Thank you for spending time with the paper! Your comments are greatly appreciated and we will try to respond in full below. We use orange in the text for revisions corresponding to your comments.

Strengths

Thanks for making these notes. We are excited at the prospect of porting a simple technique which can hopefully lead to faster RL in the long run.

Weaknesses

Algorithm 1 could be presented...

We agree that the presentation is much too condensed, and have added comments for important steps in the revised version!

I am unclear on why...

It is true that the presentation is quite terse. For this choice we are inspired by prior work LSD and CSD (equation 15). We have added description to the corresponding section that hopefully better motivates.

...some important ablations...

Clustering-only...

It appears our communication was not as clear as it could have been. The clustering-only ablation is already in the paper and corresponds to the SAC-discrete column in Table 1, where clustered actions are used as discrete actions. We can see the poor exploration behavior in Figure 4a. We've added small changes to the text to clarify this.

Alternate tokenisation strategy...

We varied hyperparameters across environments in order to get skills of length close to 10, to be comparable to baselines. Our goal was to test the viability of the simplest possible tokenization strategy available, hence why we began with BPE, a quite standard algorithm. We also discuss some shortcomings of grammar-learning methods like Sequitur in the end of the related work. Are you suggesting a version of BPE with an additional cutoff? It is not trivial to tightly control the length of skills BPE discovers.

The description of the data...

Thanks for the suggestion, we've made small changes to the main text with more details. Our data is inherited from D4RL, a standard set of datasets and tasks in the community. We did not collect this data, and thought it best to work in a setting that readers might be familiar with.

...choice of vocabulary size...

This is a good suggestion, and it seems our initial presentation in Appendix A was not clear. Do those experiments satisfy your questions? In the main text we make choices of hyperparameters such that we are comparable to baselines, as if our skills were shorter or longer there would be a confounding factor.

Questions

...biases the approach in favour of longer subwords/skills...

Yes this is true. For more context, the maximum length of subwords ultimately is decided by the maximum number of merges allowed, which we set such that our subwords are on average the same length as the baseline SSP (10 steps). If we allowed more merges, the subwords would be even longer. Alternatively one could redesign BPE for this setting, but we wanted to start with the simplest choice.

...frequency-based merging has little to no impact...
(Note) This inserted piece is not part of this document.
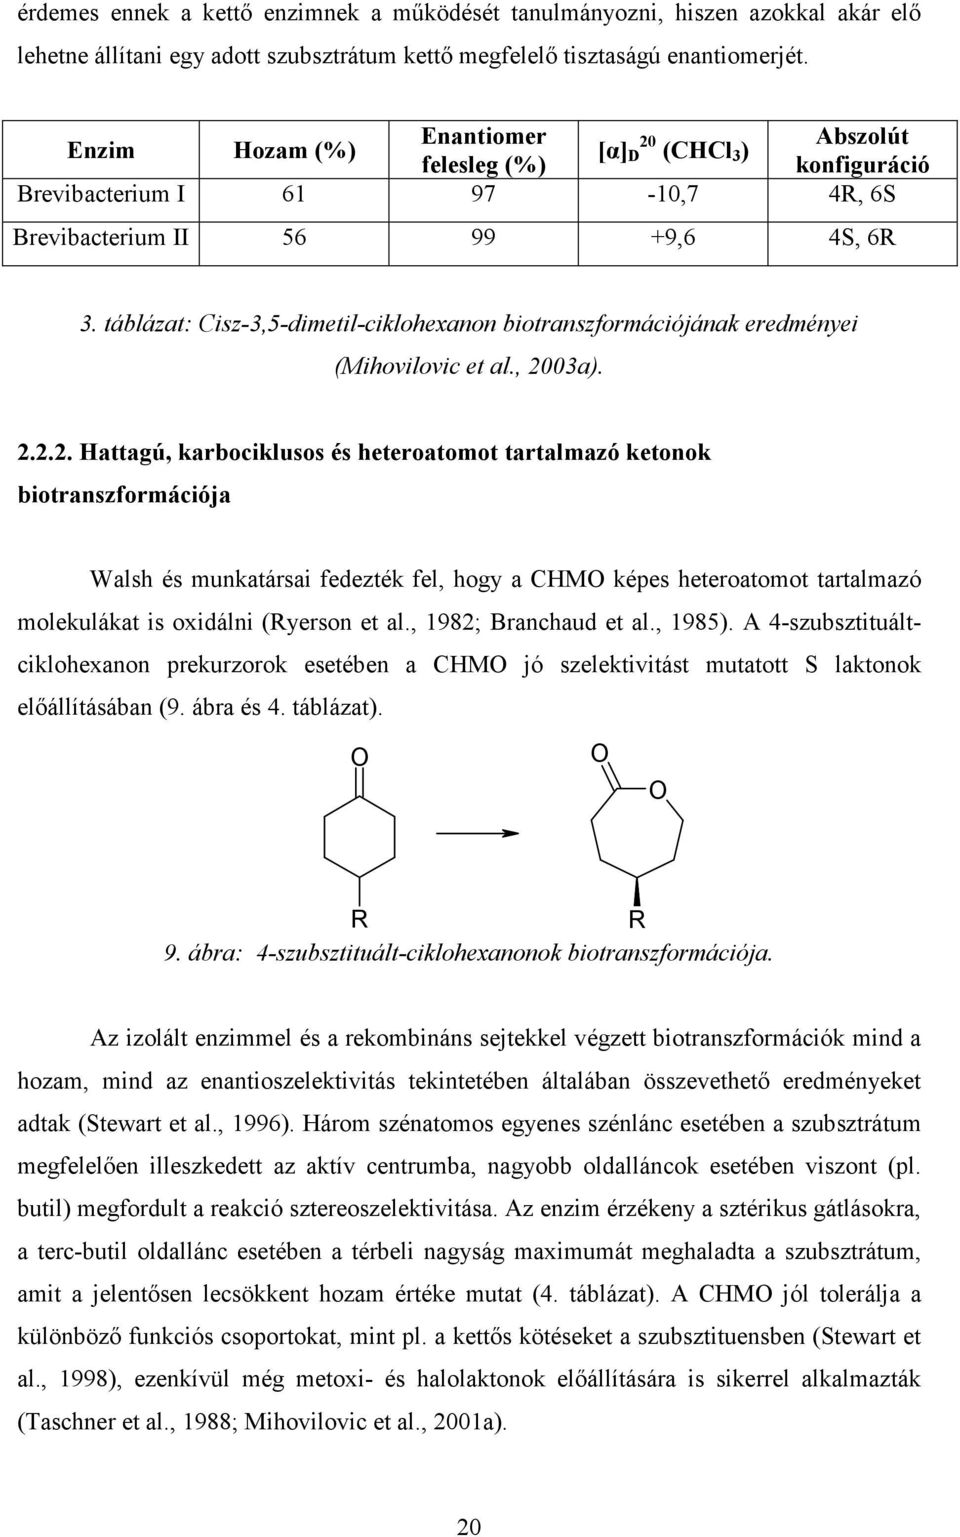 táblázat: Cisz-3,5-dimetil-ciklohexanon biotranszformációjának eredményei (Mihovilovic et al., 20

We would like to gently point out that frequency-based merging is comparable except in AntMaze domains, due to the suboptimality of demonstrations. We design this additional change, inspired by work like DIAYN (Section 4.2.2) that introduces priors with knowledge of the observation space structure, in order to make the argument that a tweak makes our method viable. Perhaps this is not presented the best and we are happy to revisit!

Why did the kitchen dataset consist...

Thanks for the question, as in our answers above we used a standard dataset D4RL, whose collection we do not have control over. We thought this would be a better choice than bespoke datasets.

...frequency of usage of each skill...

With regards to frequency of skill usage we do not have this information, but would be happy to include such an analysis.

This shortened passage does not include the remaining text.